To support this argument, Herrup develops four main points. First, she discusses language: The terms king and prince were used for male and female monarchs. She then turns to the concept of tyranny and its associations with femininity. The tyrant allowed womanly characteristics to predominate and lacked much-needed masculine self-control. Third, the existence of multiple female monarchs and the excellent scholarship devoted to them has shown how successful women rulers embodied both masculine and feminine identities. But, Herrup contends, we must also look at how male kings had to embody both genders. Fourth, scholars must look at how monarchs exercised their right to pardon the guilty; rulers had to walk a fine line between overly-masculine harshness and overly-feminine pity. All rulers needed to exercise mercy, but they had to find balance so it did not undermine their authority or make them seem too effeminate.

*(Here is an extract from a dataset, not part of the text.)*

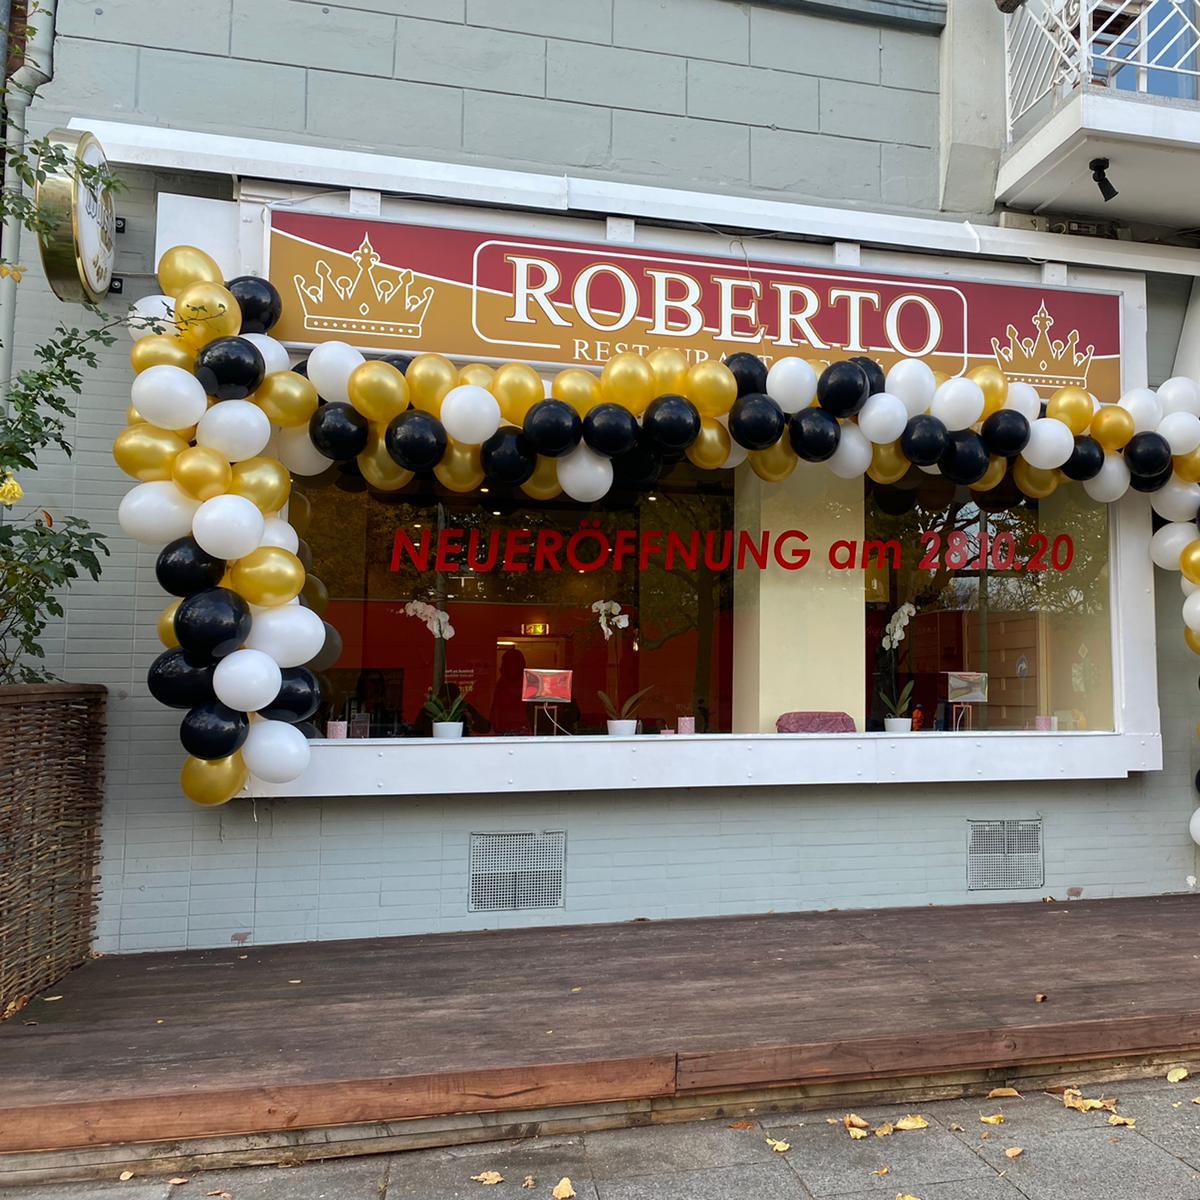 Restaurant "Restaurant Roberto" in  Kiel

Herrup ends her article with an acknowledgement that more detailed research needs to be done to better support her argument that early-modern English monarchs had two genders, but she has provided a fantastic starting place for scholars interested in further exploring gender and monarchy. Herrup’s concept of the monarch, male or female, needing to embody both male and female can be used in a variety of different chronological or geographical contexts. The king’s two genders is a fascinating, clearly-presented concept that encourages fruitful research in royal studies.

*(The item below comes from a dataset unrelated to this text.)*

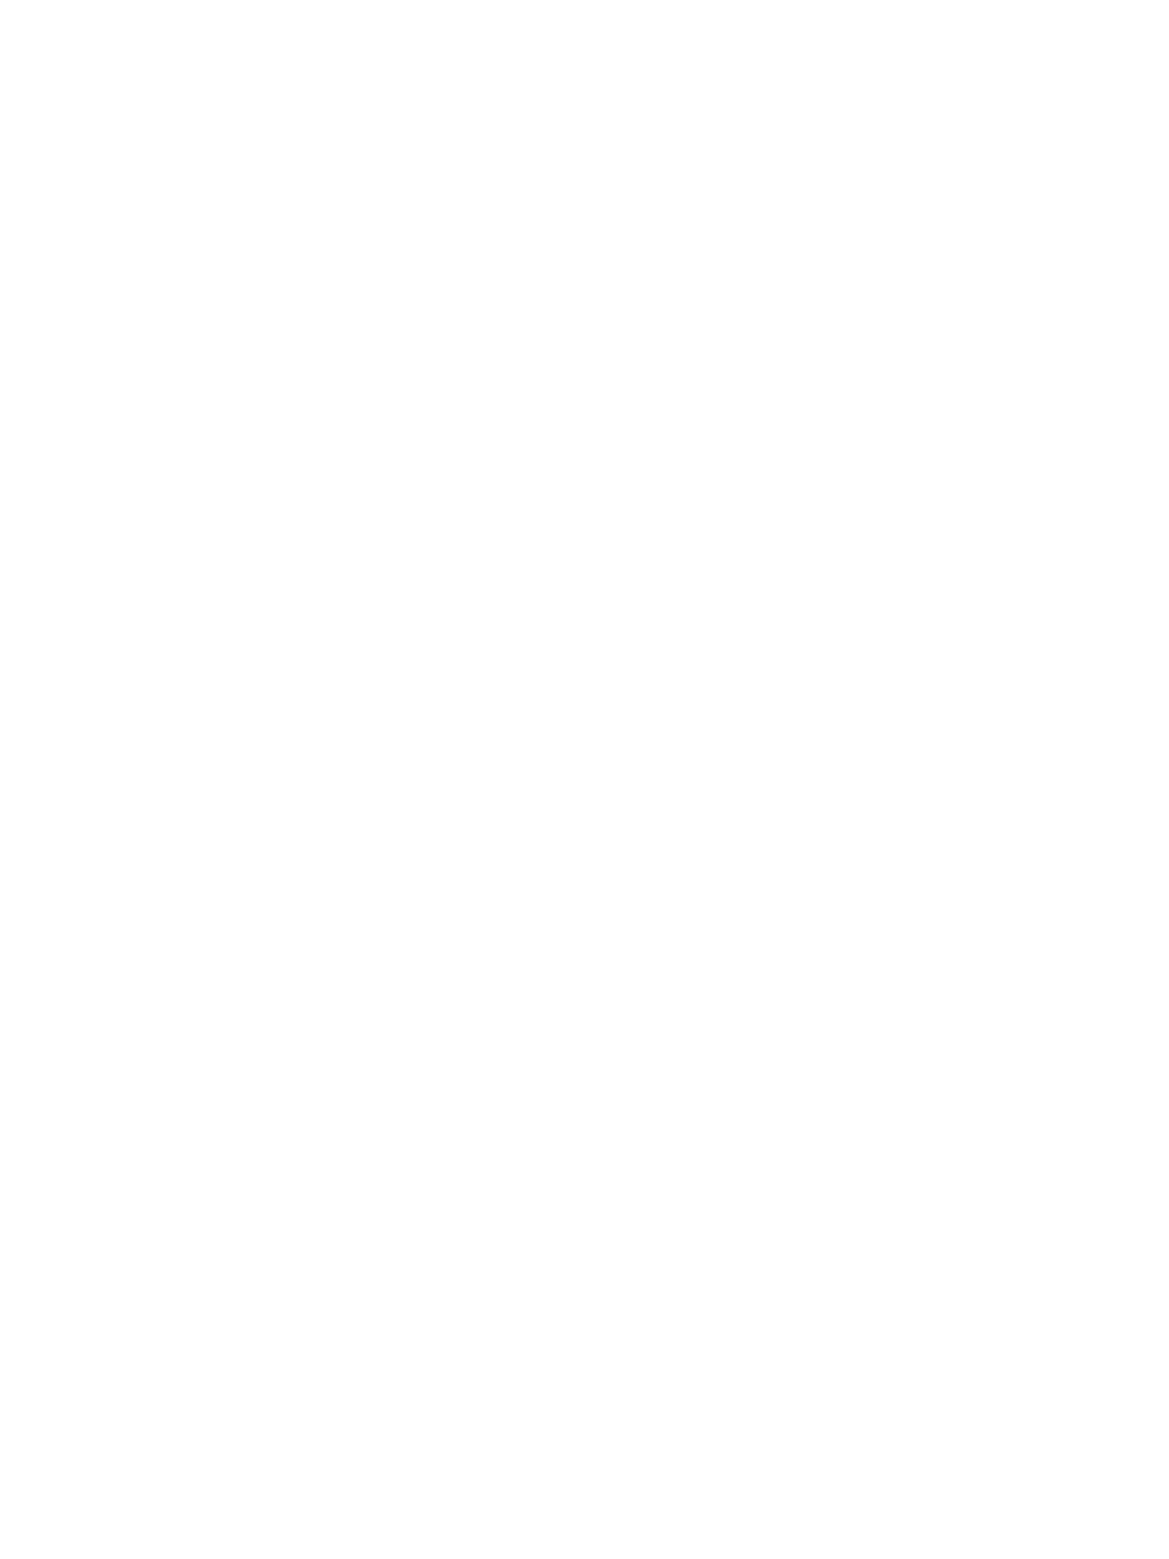 Siemens logo pour fonds sombres (PNG transparent)

The RSJ Blog even had a chance to ask Cynthia (Professor Emerita of History and John R. Hubbard Chair in British History Emerita at the University of Southern California) a few questions about this article.

RSJ Blog: How did you come up with the idea of the king’s two genders? What were you working on that inspired you to develop this concept?

Cynthia: As I was researching material for a project on pardons, I discovered that political commentators were quicker to see pardoning as a dangerous prerogative than as a reassuring safeguard, and the danger was presented as gendered. One official even praised Elizabeth I’s attitude as manly and James I’s as effeminate. That got me thinking about why pardoning was a threat, why monarchs were advised to hold it so closely, and what these ideas meant for the definition of proper rule. The two genders was my result.

RSJ Blog: The concept of the king’s two genders seems to work well for medieval and early modern England, but your article suggests this balance might have become more difficult as the realm grew larger and more diverse. How so?

Cynthia: I think that personal monarchy itself gets increasingly problematic as government becomes more diverse geographically and culturally. Moreover, as real power shifts to a prime minister and ideological political parties, the monarch becomes less important and as that happens, their personal qualities and style become less relevant. So distance and impersonal government change what people expect from their ruler and at the same time they change the ruler’s ability to hinder or help subjects individually. Monarchs remain powerful officials but are less often expected to shape government in their own image.

RSJ Blog: Any early-modern English monarchs that you think were especially unsuccessful at balancing the king’s two genders?

Cynthia: Charles I is an easy target for ‘unsuccessful’ but he does seem to have been exceptionally tone deaf. He seems never to have understood that success in monarchy means being both reliable and adaptable.

 

RSJ Blog: Thank you for speaking with us!

Full citation:

Herrup, Cynthia. “The King’s Two Genders.” Journal of British Studies 45 (July 2006): 493-510.